Activity »
Copy out all of the lines below exactly; the pictures do not belong in the copy.

Information provided »
● ● ●
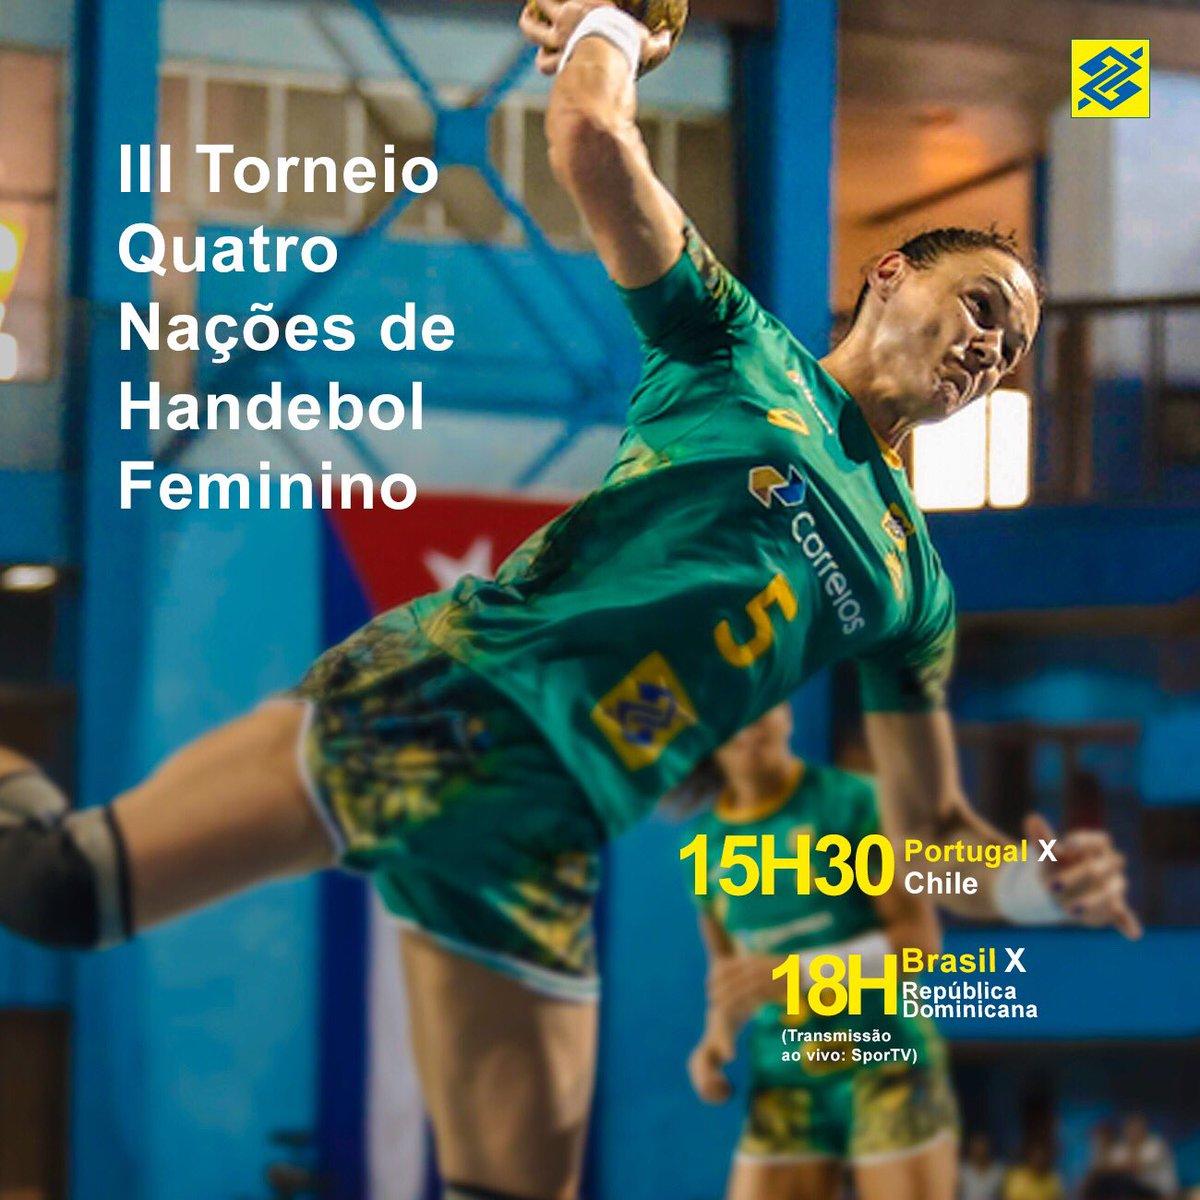 Hoje tem mais um desafio para as nossas meninas. Acompanhe ao vivo esse jogaço pelo canal SporTV. #TorcidaBrasil 🤾🏻🤾🏻🤾🏻 #4naçõesfemhand
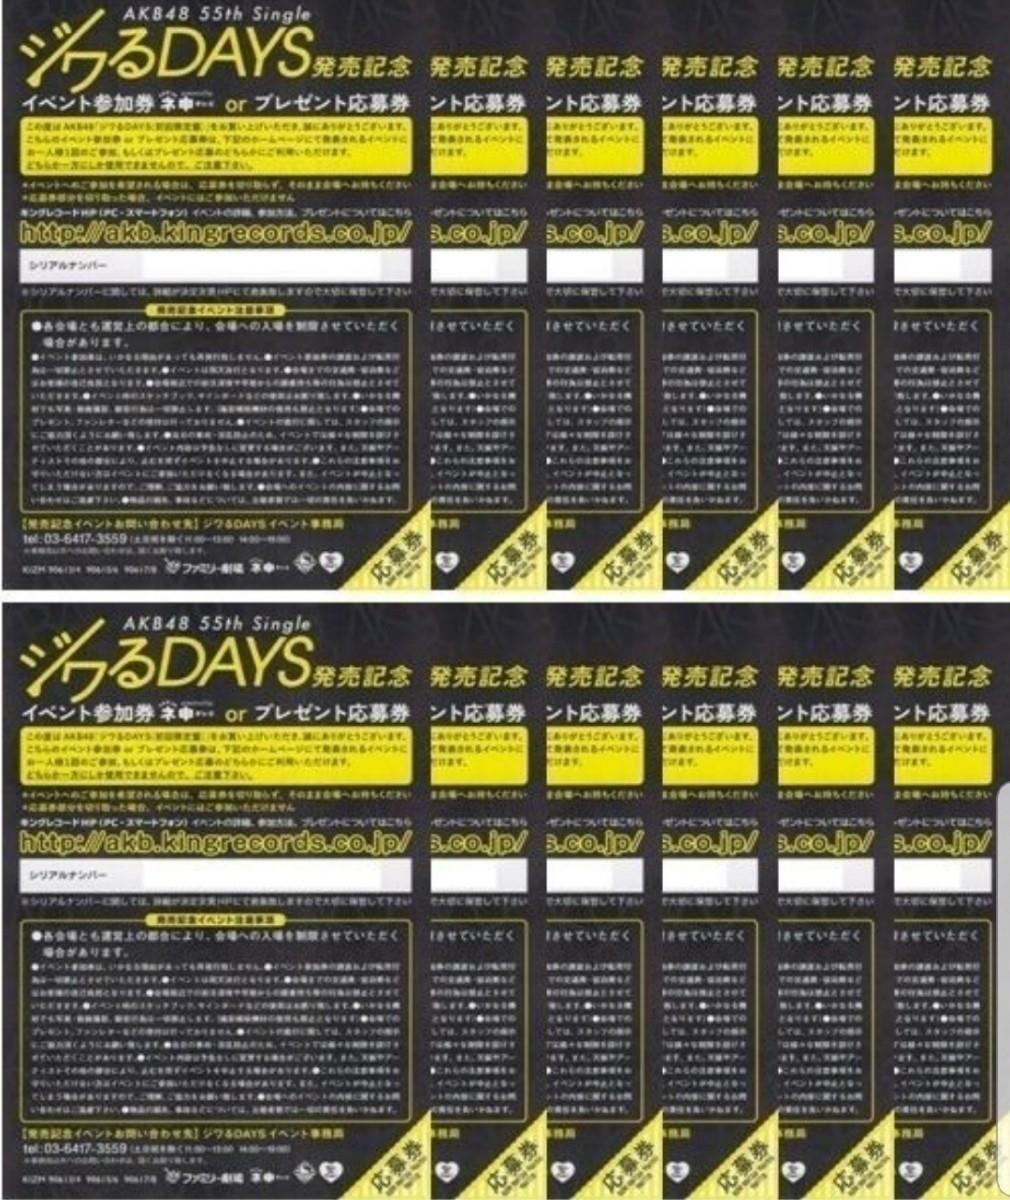 即日配送 ジワるDAYS AKB48 55th イベント参加券 全国握手券 10枚セット NO WAY MAN
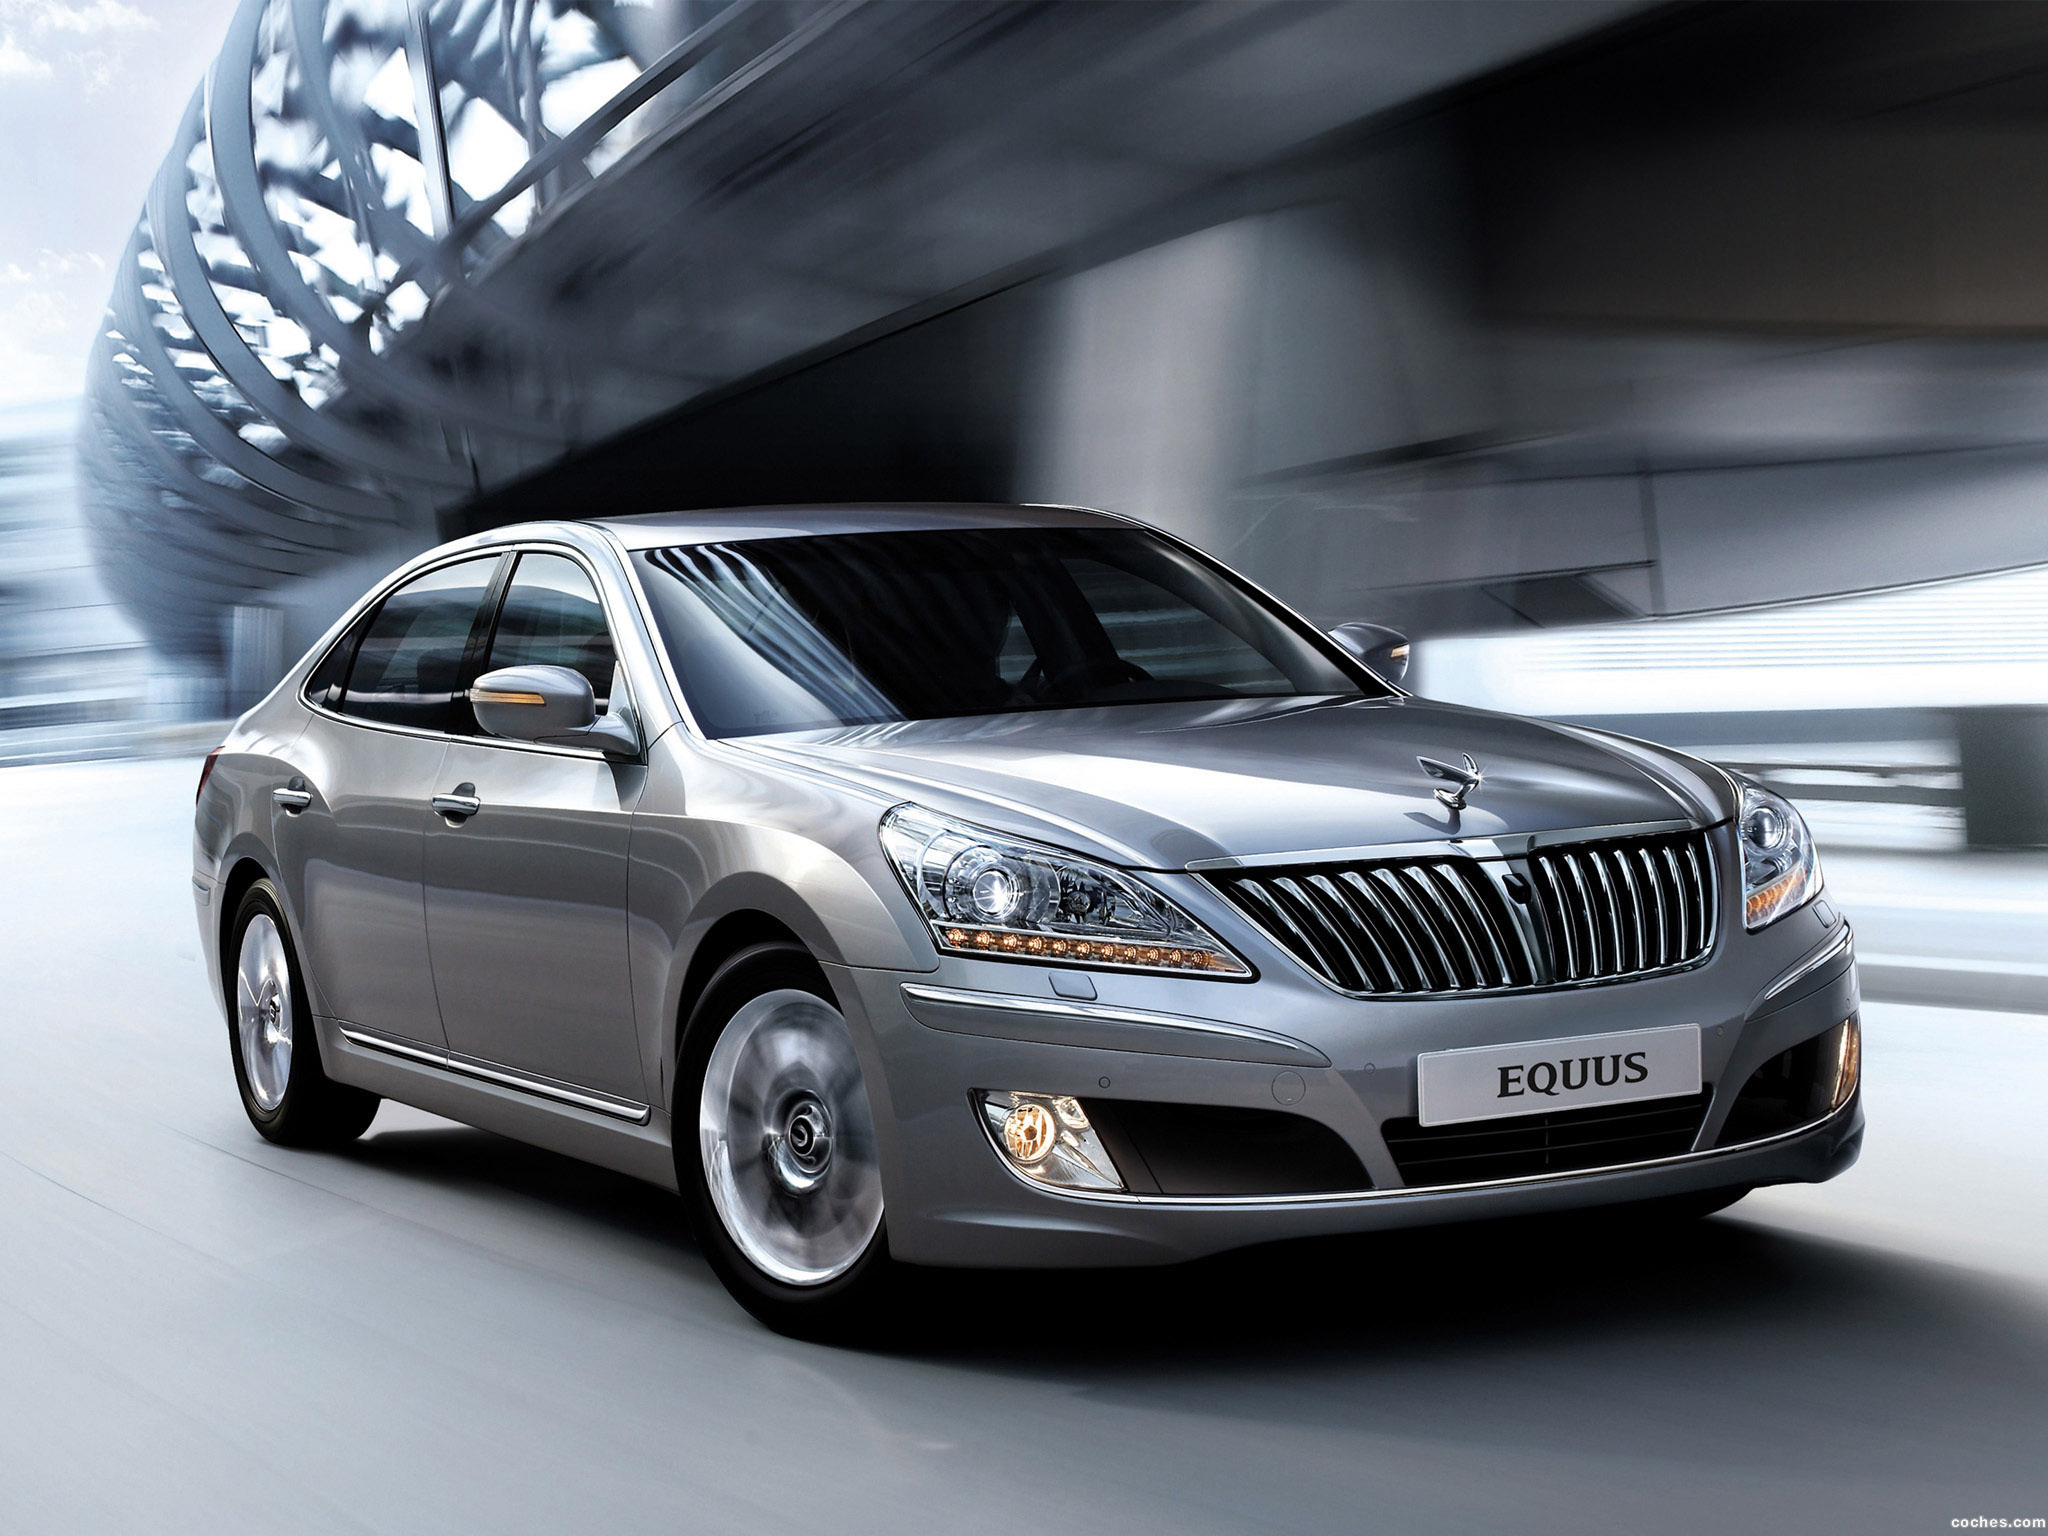 Foto 0 de Hyundai Equus 2010
● ● ●
Your solution »
 Hoje tem mais um desafio para as nossas meninas. Acompanhe ao vivo esse jogaço pelo canal SporTV. #TorcidaBrasil 🤾🏻🤾🏻🤾🏻 #4naçõesfemhand
 即日配送 ジワるDAYS AKB48 55th イベント参加券 全国握手券 10枚セット NO WAY MAN
 Foto 0 de Hyundai Equus 2010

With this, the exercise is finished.